Several near accidents led to a conversation about whether we should discontinue our collision insurance on carts, keeping the liability alone. Focused on paying only for what we need, I added a rotisserie emu to the shopping list.

Given the combined forces of traffic and sticker shock most people maintained pleasant moods.

Through it all, the Misses and I used the divide and conquer strategy. She would work her half of the list, I would work mine, then I’d spend 45 minutes in a desperate effort to find her.

More than once at the grocery I’ve wondered whether the day had come when she finally decided to leave me. In a panic on Sunday, I asked a guy at the service desk to read an announcement asking shoppers to look for a missing elderly woman in the aisles.

The guy at the counter told me, “Old man, she’d leave you for sure if you did that.”

“Even if I have keys?”

I finally found her in frozen foods, and we went pulled up to the checkout aisle like a semi with two trailers.

Before checking out, I let one person through who had 15 items in her cart. She thanked me and I explained I always do that so I can be mean to everyone else I encounter during the day.

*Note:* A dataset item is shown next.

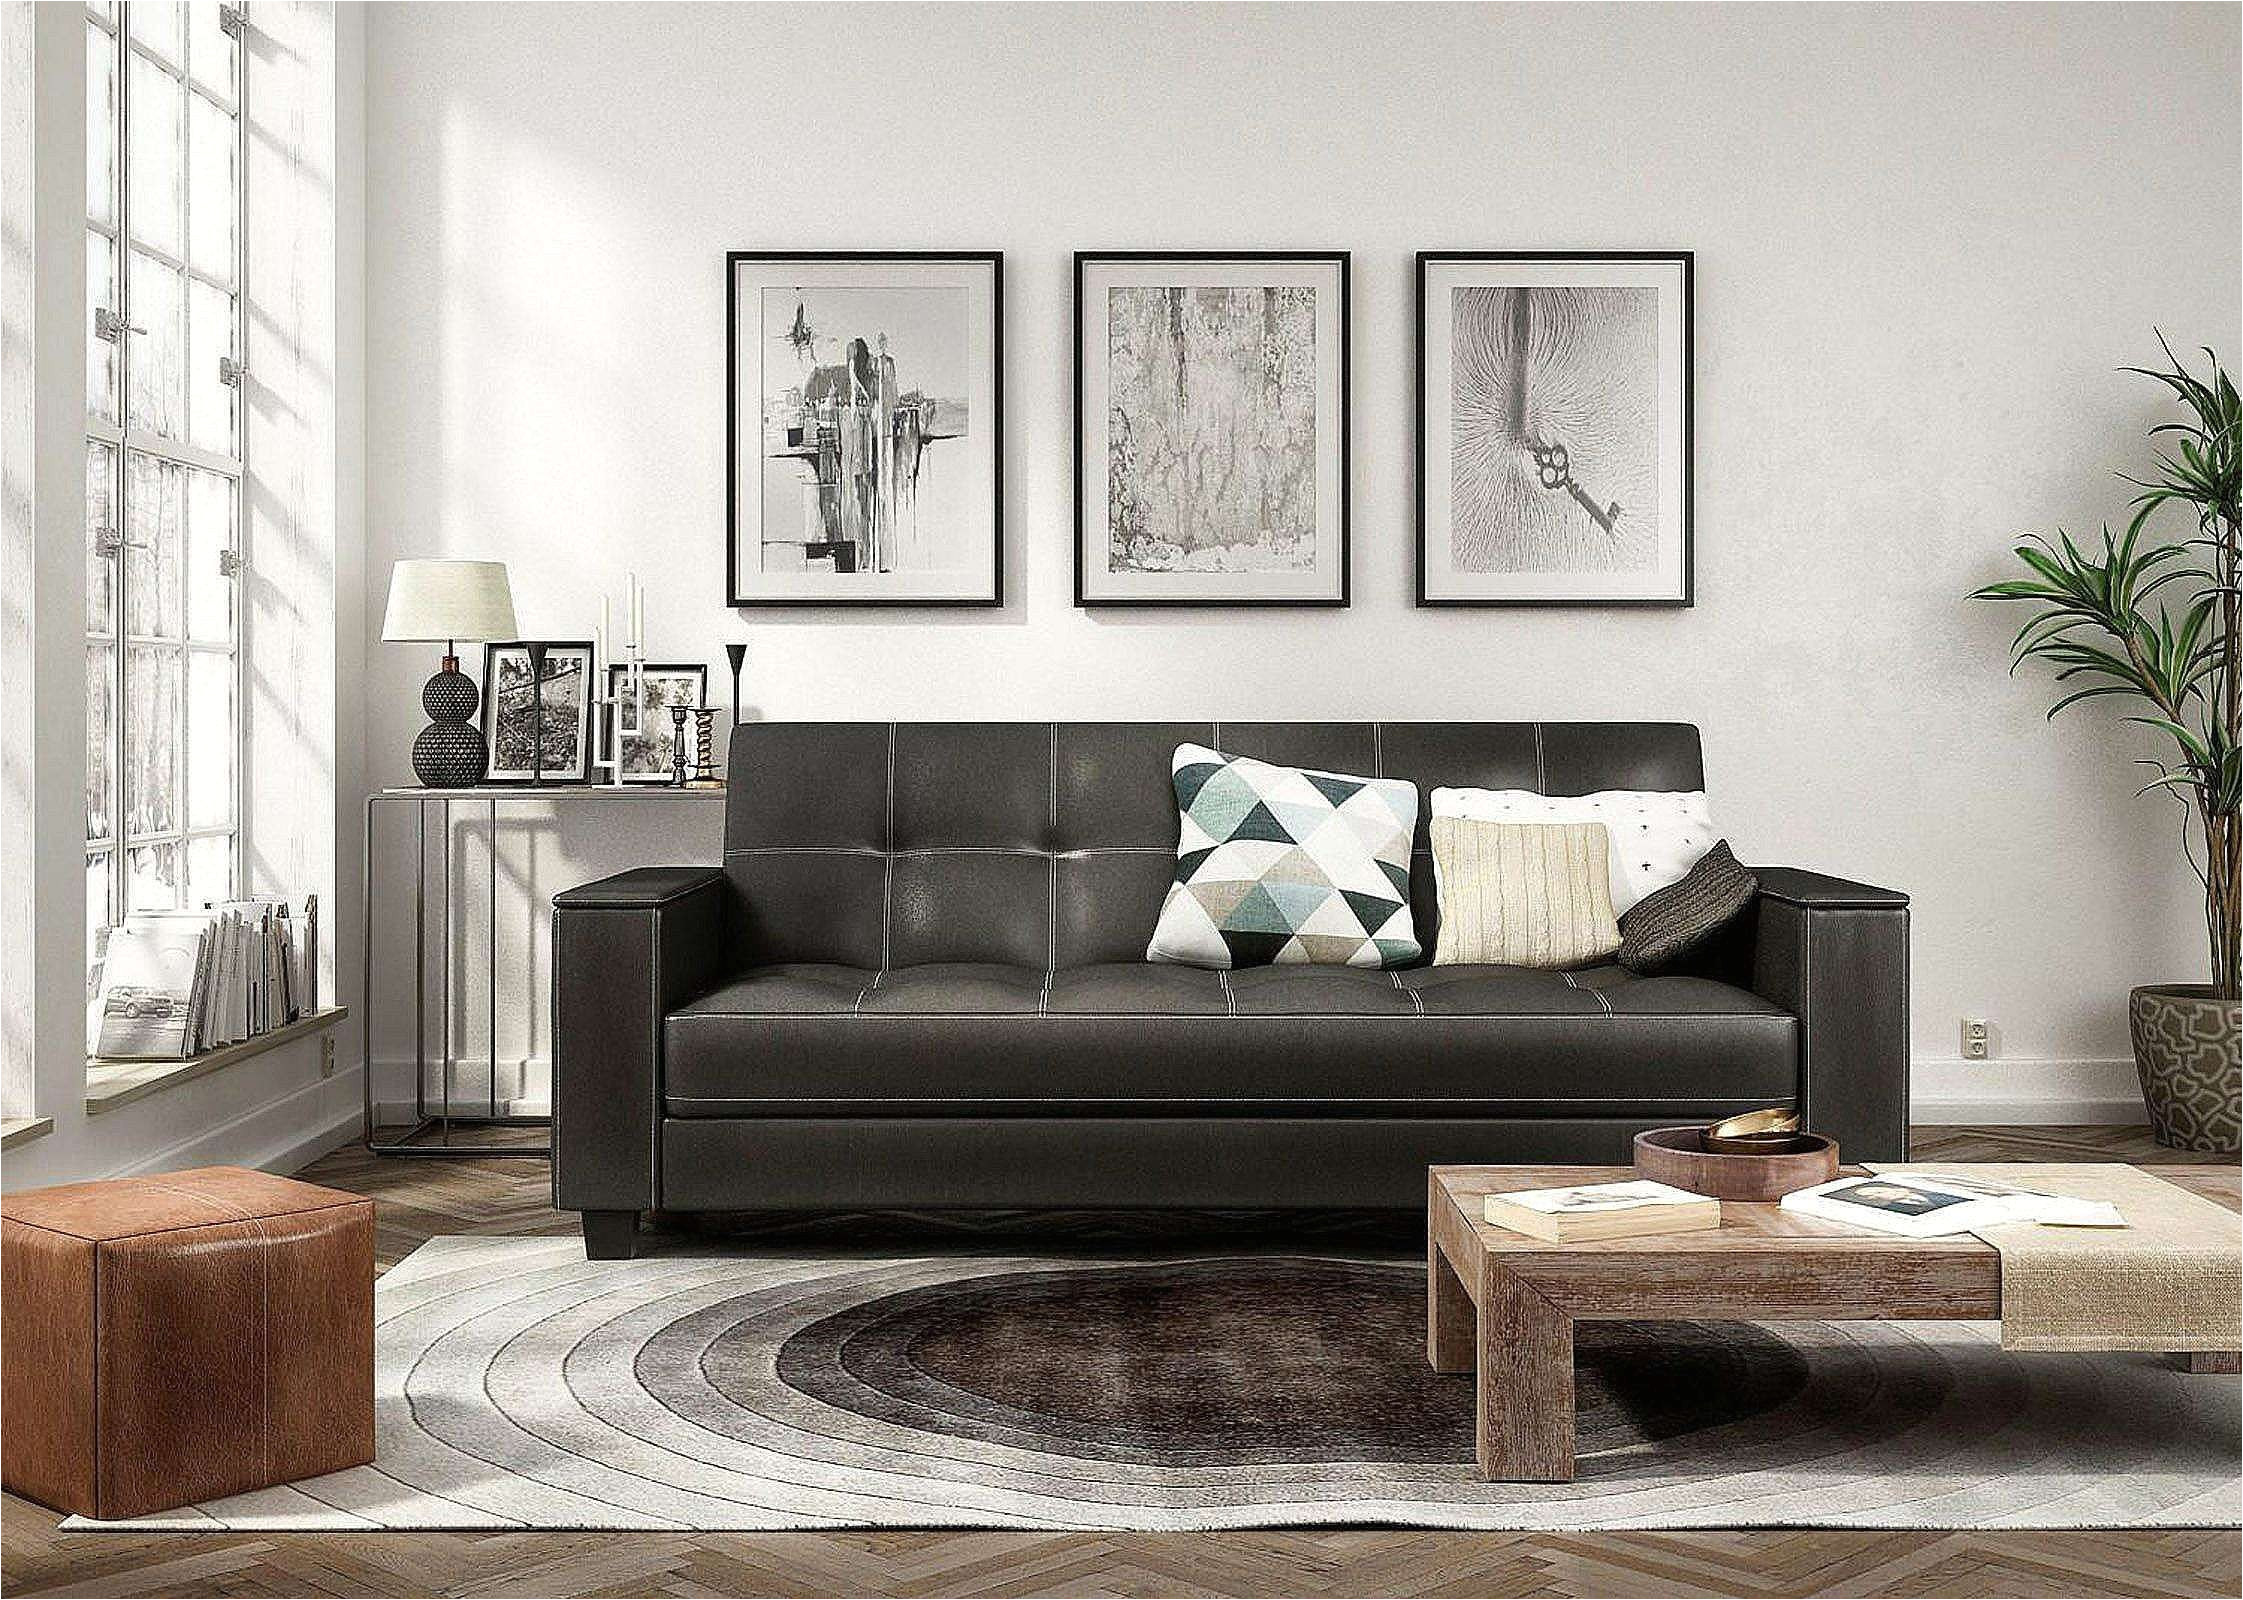 trendy dining room ideas lovely modern living room furniture new gunstige sofa macys furniture 0d

Checkout went smoothly when an unflappable Amanda scanned us through and, with Sean’s able help, packed us up and sent us to the door.

With the groceries tucked in the car, I turned to my wife and said “I’m glad we did that.”

She countered with the more precise: “I’m glad we’re done with that.”

Even without the doe eyes, I knew she was telling me the twuth, the whole twuth and nothing but the twuth. So help me God.